I'm currently working on a project where I've created a CA cert and a couple of child certs to that CA cert. The certificates are going to be used to protect inter-server communication in a SAMLV2 setup so I'm going to have a cert for the identity provider and a cert for the service provider. The user/browser isn't going to validate the certs so it's only the servers that need to trust my custom CA. My cert tree looks something like this:
我目前正在开发一个项目,我已经为该CA证书创建了CA证书和几个子证书。这些证书将用于保护SAMLV2设置中的服务器间通信,因此我将获得身份提供者的证书和服务提供者的证书。用户/浏览器不会验证证书,因此只有服务器需要信任我的自定义CA.我的证书树看起来像这样:
- CustomRootCACert
- CustomIdentityProviderCert
- CustomServiceProviderCert
CustomRootCACert CustomIdentityProviderCert CustomServiceProviderCert
Now, I've heard a lot of people saying it's bad to use a home-made certificate in production. But when I ask why, people usually just mutters something about security but never go into the details. Are there any technical reasons not to use my own certs in production? I can't think of any... Of course I realize that if I lose control of my root cert anyone could start creating all sorts of certificates. But in this case they would also have to install the certificates on my servers and configure the saml application to use them. Only then could they start to generate fake saml requests and responses to my applications.
现在,我听到很多人说在生产中使用自制证书是不好的。但是,当我问为什么时,人们通常会嘀咕一些关于安全性的事情,但从不深入细节。是否有任何技术原因不在生产中使用我自己的证书?我想不出任何......当然我意识到,如果我失去了对我的根证书的控制,任何人都可以开始创建各种证书。但在这种情况下,他们还必须在我的服务器上安装证书并配置saml应用程序以使用它们。只有这样,他们才能开始生成虚假的saml请求和对我的应用程序的响应。
If this is the only problem, this solution (using home-made certs in production) would still be better than the login setup we have today.
如果这是唯一的问题,这个解决方案(在生产中使用自制的证书)仍然会比我们今天的登录设置更好。
4 个解决方案
#1
Ask yourself what a certificate proves.
问问自己证书证明了什么。
If you get a certificate issued by a reputable CA, then it proves that the certificate holder has verified their identity to that CA, to their standards of proof.

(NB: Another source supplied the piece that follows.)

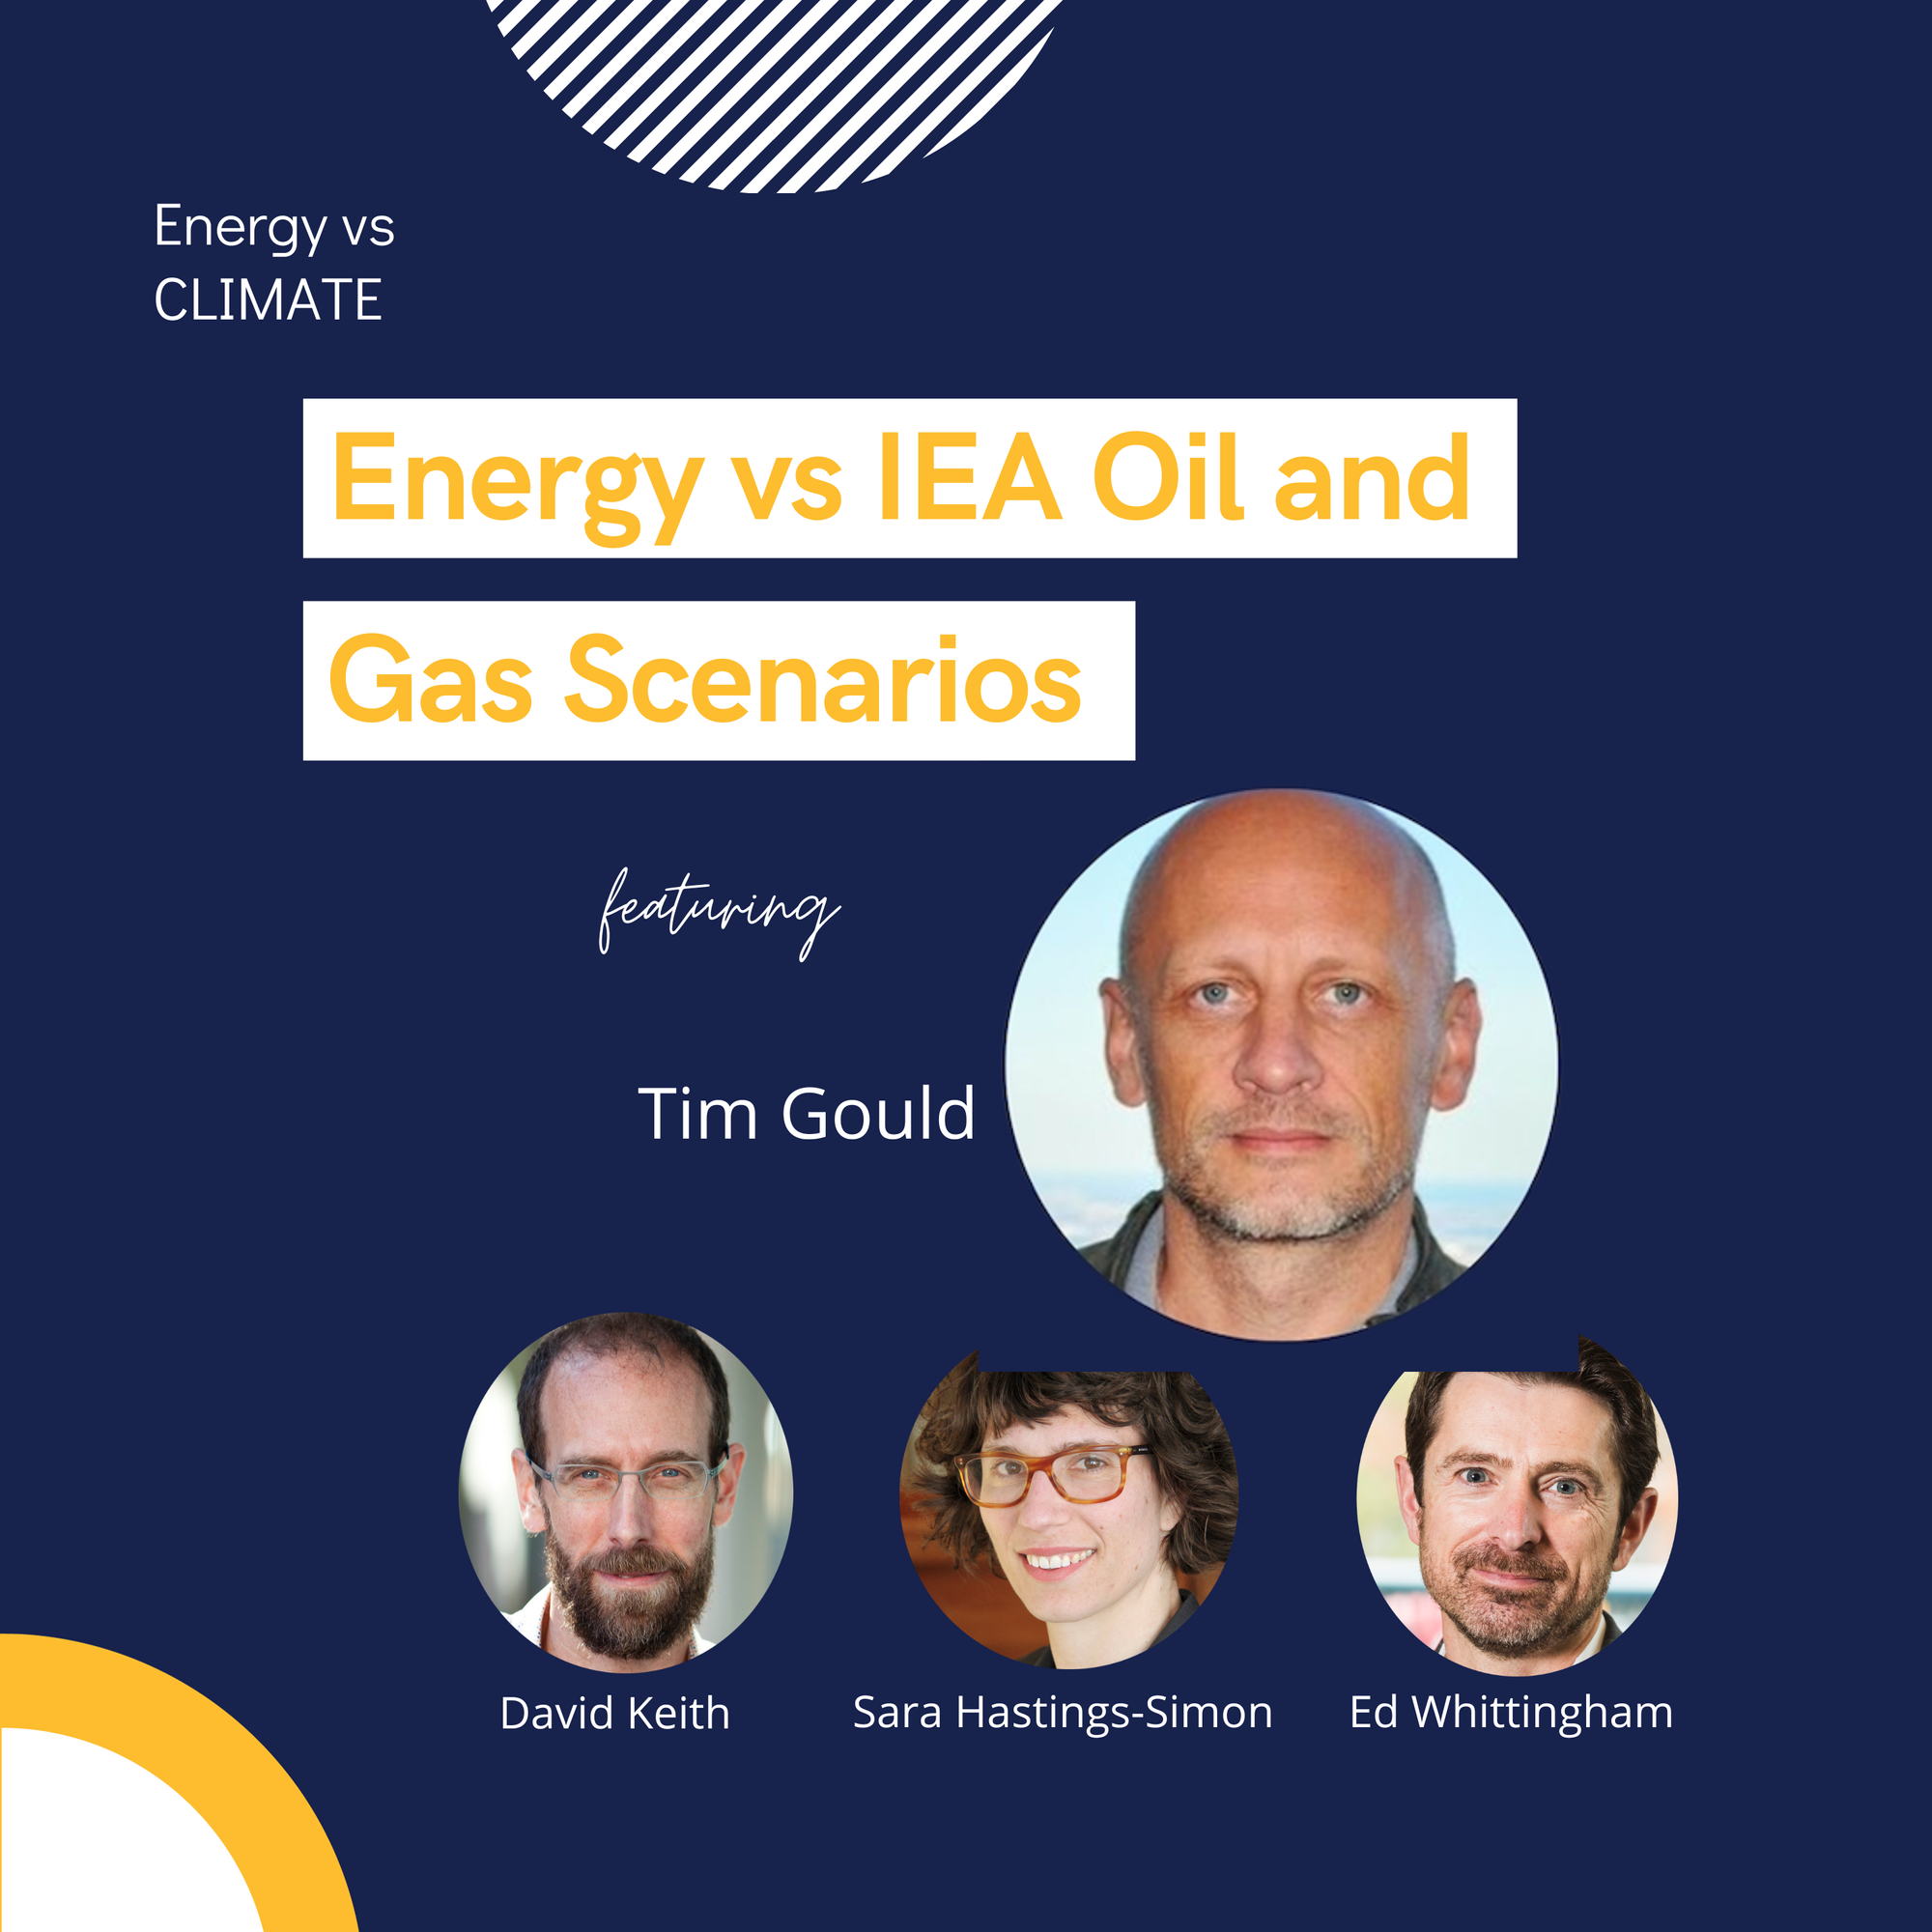 Energy vs IEA Oil and Gas Scenarios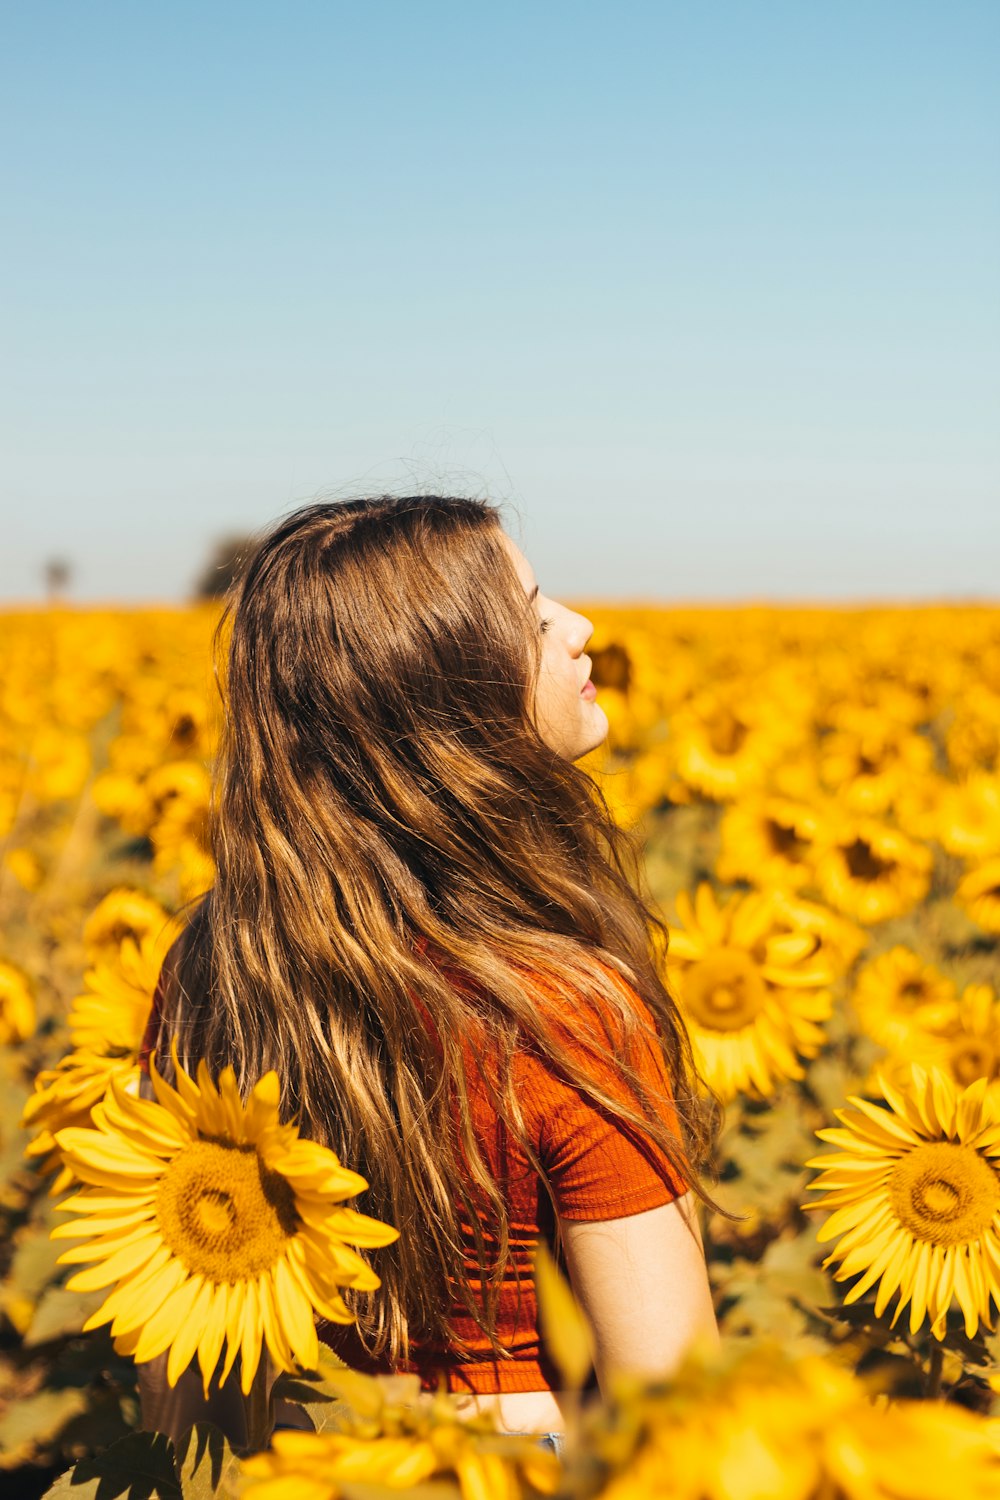 woman in orange shirt standing on sunflower field during daytime

如果您获得由信誉良好的CA颁发的证书,则证明证书持有者已根据其证明标准向该CA验证了其身份。
If you get a certificate issued by an ad-hoc CA, then it proves that someone knows how to make certificates.
如果您获得由ad-hoc CA颁发的证书,则证明有人知道如何制作证书。
If you control both ends of the conversation, I think it's fine to have your own private CA for the purpose. You would trust your own CA. You can probably make this very secure indeed (by keeping the CA private key in a safe place offline, and making signing a sneakernet exercise).
如果您控制对话的两端,我认为为此目的拥有自己的私有CA是好的。你会相信自己的CA.你可以确实这样做非常安全(通过将CA私钥保存在安全的位置离线,并签署sneakernet练习)。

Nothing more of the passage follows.